Is it safe to switch to new custom SSL certificate during business hours

I have bought a new certificate (outside Cloudflare) because the old one is expiring. I have uploaded the new certificate and the new and the old certificates are shown side by side. Both as “active”.
Everything looks right. Hosts, Expiration date, etc.
I assume that next step is to remove the old certificate. But I am hesitating to do this. I would love to be able to toggle back and forth in case something went wrong. I don’t have the old certificate file available.
Is there a risk here? Can I switch back, if it doesn’t work, without reuploading the old certificate and having minutes of downtime? Should these things be done outside business hours?
Will I have a bit of downtime even though the new certificate works as it is supposed to?

1 Like

If you are an Enterprise customer you can use the staging feature to validate. If you aren’t an Ent customer the linked article on staging highlights some of the potential risks… if none of those apply it is a pretty safe opp to update at any point.

1 Like

@nikolaj.kaplan, curious, in your SSL/TLS “Overview” section, what is your SSL/TLS encryption mode set to?

Mine is Full. My take-away with this setting is as long as the Custom cert you have uploaded is valid, it will work.

I have two SSL certs in my “Edge Certificates” section. The one I uploaded, and a “Universal” cert from Cloudflare (I believe they provided one because we’re Enterprise customer(?))

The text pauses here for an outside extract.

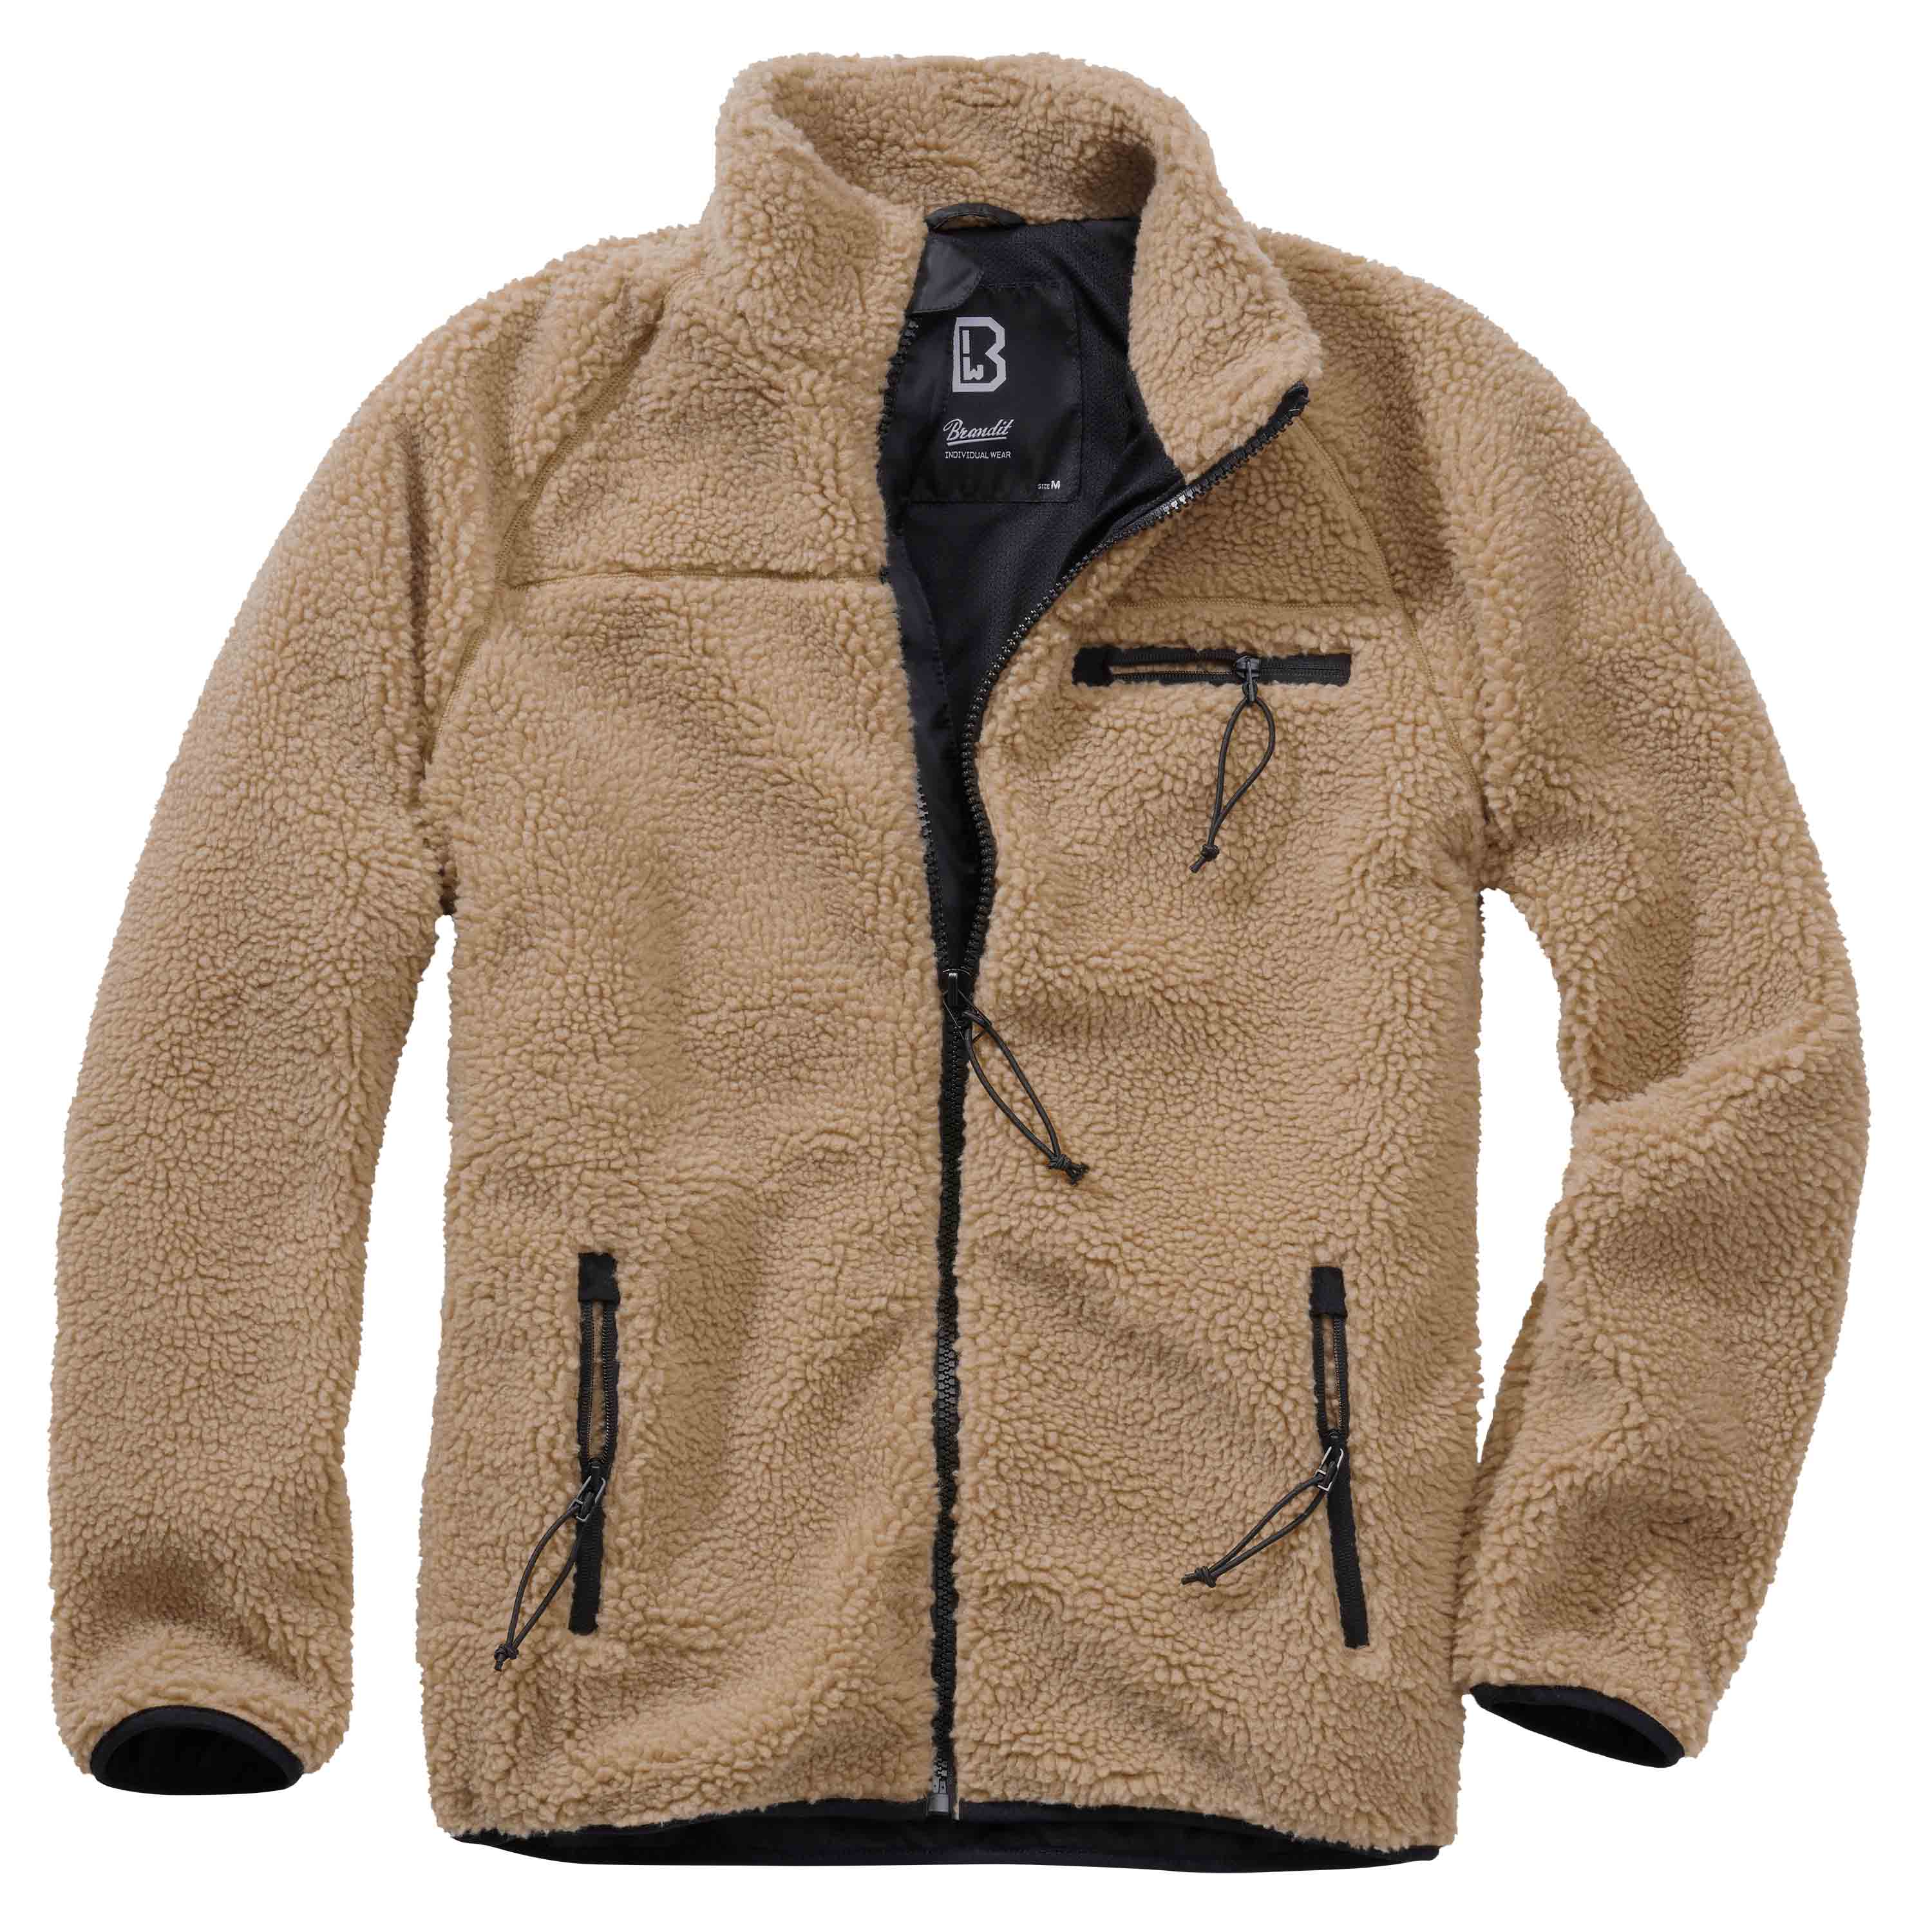 Purchase the Brandit Jacket Teddy Fleece olive by ASMC

Curious how you go about switching between the two certs showing in Cloudflare in the first place? Both of mine also show active, but the Cloudflare cert is below my Custom cert, which expires in 3 months. Does the selection on the SSL/TLS Overview page determine which SSL cert is used? As it stands, I plan on just getting a new SSL cert, uploading it to our web server and Cloudflare. Apply the new cert on the web server, and delete the expiring cert in Cloudflare and hope the newly uploaded Custom cert takes over.

@cscharff thanks for the staging recommendation. Looking into that now.

This topic was automatically closed 15 days after the last reply. New replies are no longer allowed.